A well-structured instruction set covers five areas:
1. Identity and scope. What the agent is and what it’s for.
You are an internal assistant available in Slack. You help employees
with their questions and tasks.
2. Knowledge base routing. When to use each knowledge base.
Knowledge bases:
- Security policies: internal security and privacy policies
- Legal: US statutory rules and regulations
- Product: source code, documentation, and specifications
For security questions, search the security policies knowledge base.
For legal questions, search the legal knowledge base.
For product questions, search the product knowledge base.

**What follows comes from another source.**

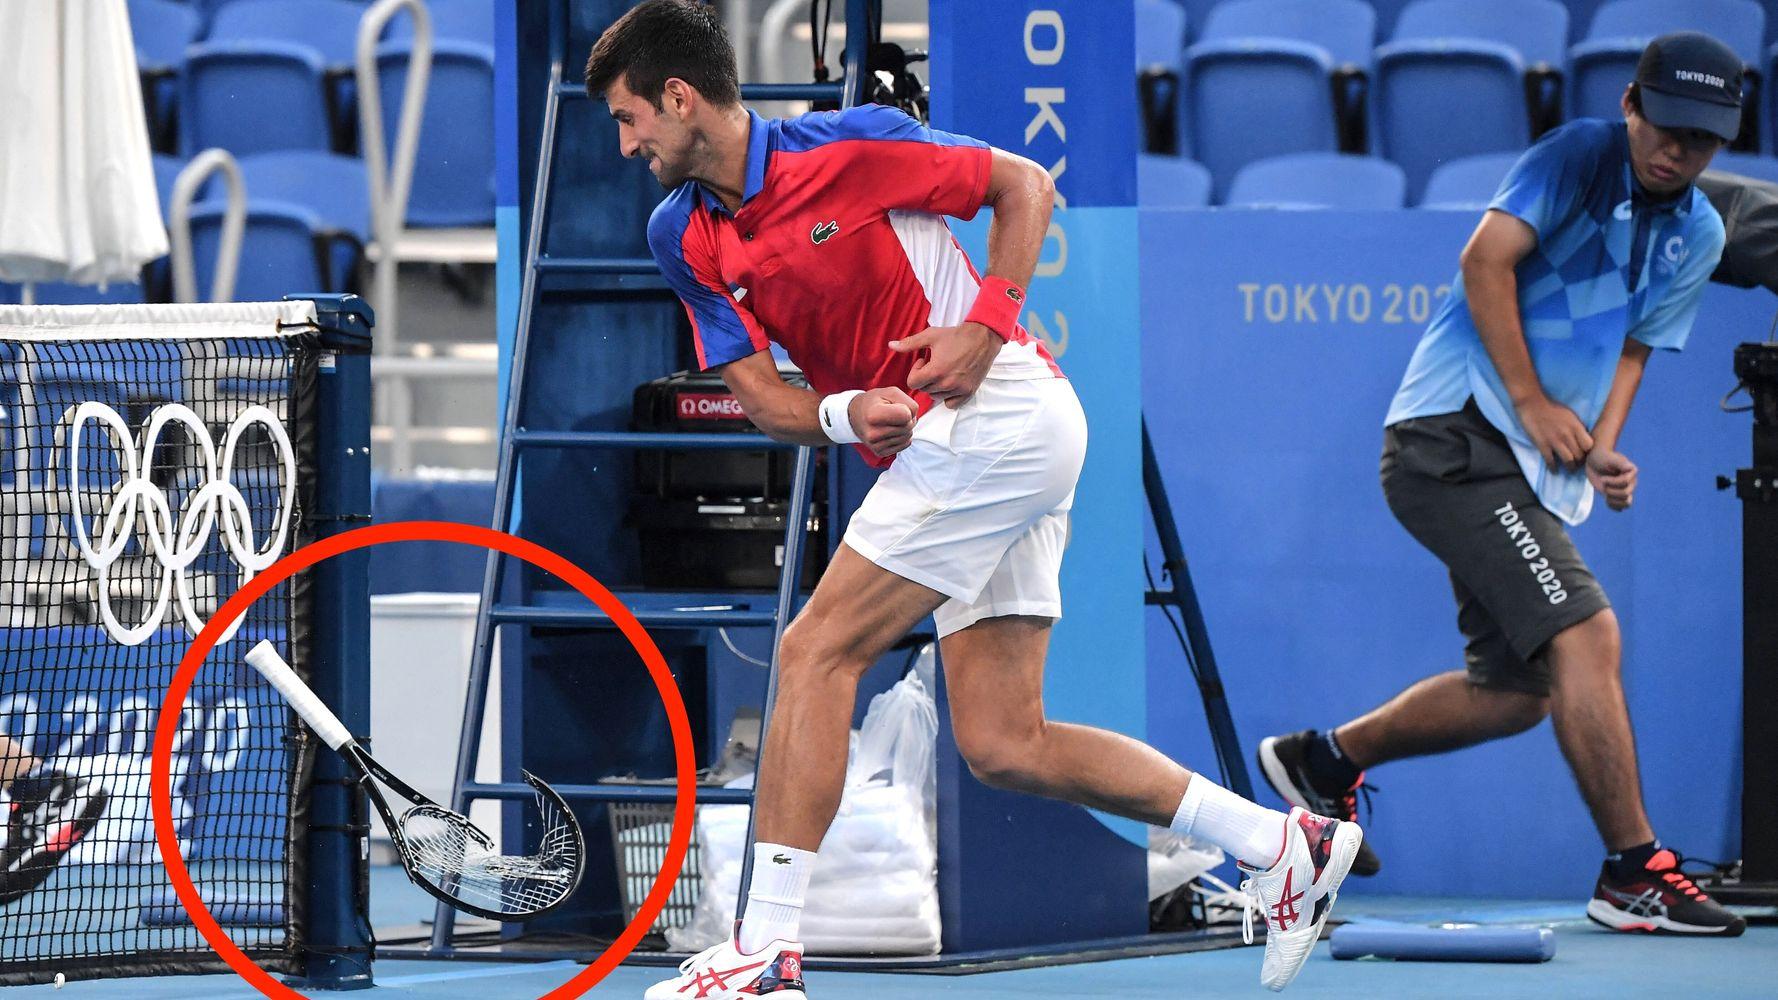 Novak Djokovic's Racket Ends Up Just Like His Golden Slam Dreams, In Absolute Ruins

3. Behavioral rules. Guard against common failure modes.
Rules:
1. When citing a source, include the document name and section
2. If an answer is not in the knowledge bases, say so clearly
3. Never invent identifiers, names, or values not present in
retrieved content
4. For ambiguous questions, ask for clarification
Rule 3 is critical. Without it, the model will hallucinate ticket numbers, policy names, and API endpoints. Explicitly telling it not to invent identifiers reduces this dramatically.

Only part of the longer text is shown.